Evaluating Qualifiers in Rating Scales

Dr Morgan Earp (US Bureau of Labor Statistics) - Presenting Author
Dr Jean Fox (US Bureau of Labor Statistics)
Dr Robin Kaplan (US Bureau of Labor Statistics)

Researchers in many domains use surveys to standardize data collection across respondents. These surveys often ask respondents to rate some construct, such as satisfaction or importance, typically using a 5-or 7-point scale. These scales use a variety of qualifiers, such as “Very,” “Quite a bit,” “Somewhat,” “A little,” or “Not at all.” However, these qualifiers are subjective, and respondents may interpret them differently. Additionally, it’s often unclear whether respondents are considering the full range of the responses, or if they can distinguish differences between adjacent response categories. To investigate these questions, we conducted two phases of research. First, we used Item Response Theory (IRT) to evaluate whether a variety of scales effectively captured the full range of the construct. The surveys we used were mostly customer satisfaction surveys, which included constructs such as satisfaction, effort, and ease of use. They spanned three categories of qualifiers: Strength/Intensity (e.g., Not at all, Somewhat, Very), Frequency (e.g., Never, Sometimes, Occasionally), and Evaluation (e.g., Good, Neutral, Bad). We present and compare IRT item step thresholds across latent constructs and qualifier categories. In the second phase of this research, we asked participants (N=600) to complete an online survey where they assigned values on a scale from 0 to 100 to different qualifiers. The values indicated “how much” the respondent felt each qualifier represents. For example, “Extremely” might get a high rating while “none at all” might get a low rating. Reviewing the values from the study should help researchers generate scales that better measure the full range of a construct, and determine when qualifiers are not noticeably different from one another. We discuss the implications of this research for the design of valid and reliable survey response scales.

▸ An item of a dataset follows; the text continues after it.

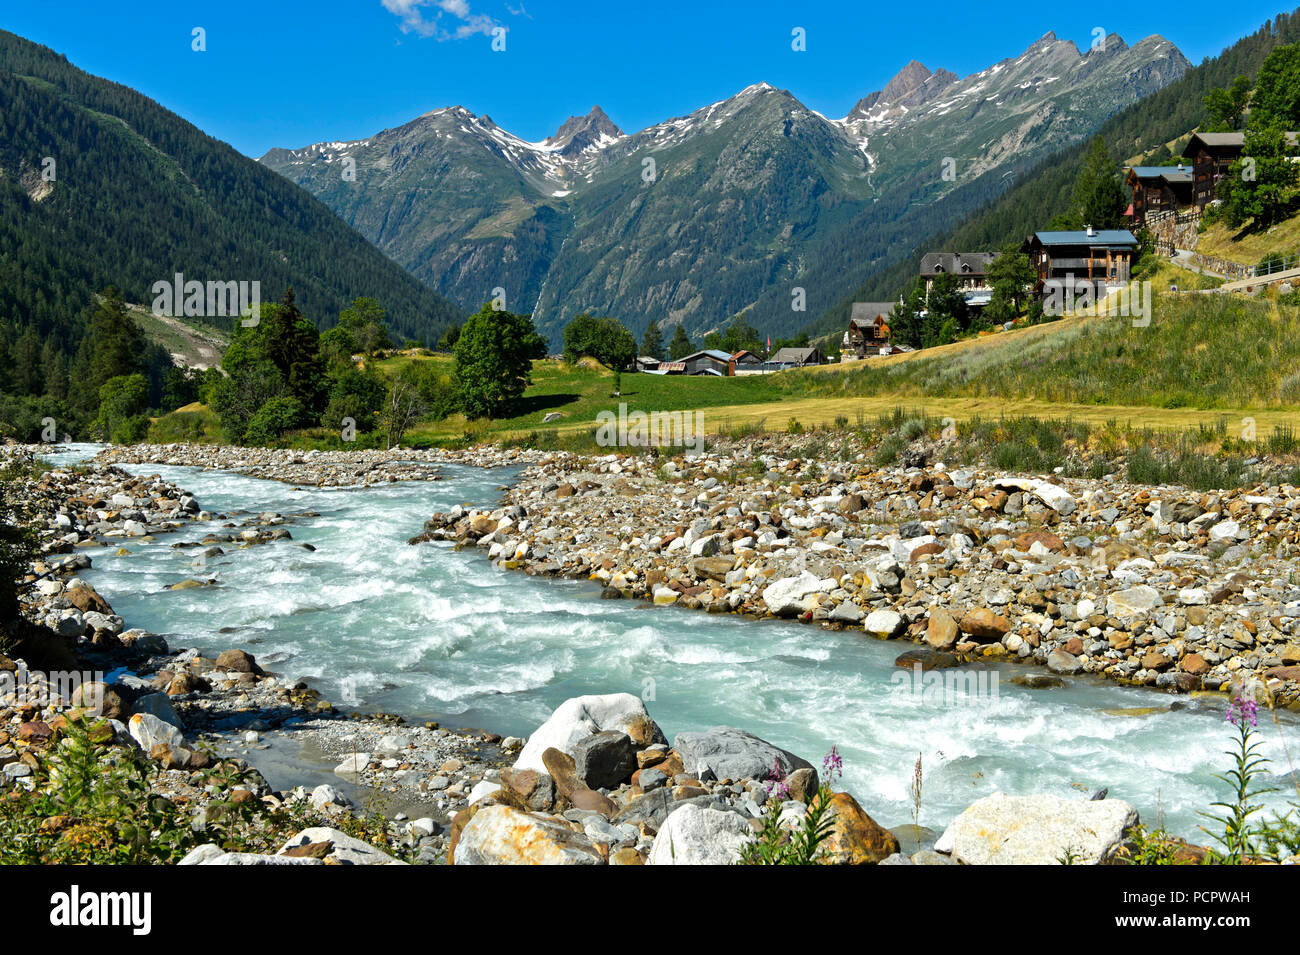 Bed of the mountain river Lonza near the hamlet Ried, Blatten, Loetschental Valley, Switzerland - Stock Image

New Mobile-Friendly Labels: Using Numbers as Labels

Professor Randall Thomas (Ipsos) - Presenting Author
Dr Frances Barlas (Ipsos)

Fully-anchored, semantically labeled scales have been found to have somewhat higher levels of validity than end-anchored scales (Krosnick, 1999). However, since most smartphone respondents take online surveys in the portrait orientation, even the horizontal presentation of five categories with full semantic labels can extend off the screen. We developed an alternative for smartphone screens - replacing all semantic labels with numeric labels as clickable buttons to anchor the responses, with plus or minus indicators (e.g. How much do you like doing X? -2 -1 0 +1 +2). While researchers often provide end labels for respondents, either in the response field or in a respondent instruction in the item stem (e.g., On a scale of 0 to 10, where ‘0’ means ‘Do not like’ and ’10’ means ‘Strongly like’…), we eliminated all semantic labels, allowing us to save screen space. Our interest was if respondents, when left to their own interpretations of the meaning and spacing of the responses, would use the numbers equivalently to semantically labeled responses. In this paper, we summarize 4 different studies where we randomly assigned respondents to receive either a semantic or a numeric response format and employed a wide variety of scale types, including affective, evaluative, intensity, and behavioral measures. We found that numerics were completed more quickly, and showed equivalent response distributions and validity as semantic formats. In one experiment, we compared the use of a respondent instruction that defined the end points (Use a scale of 1 to 5, where 1=Not at all important and 5=Very important.) versus no respondent instructions. When presented with the respondent instructions, respondents treated the scale as an end-anchored scale while without the instruction the response distribution was more similar to a semantic format. We discuss the future applications and some limitations we’ve encountered in our exploration of the numeric format.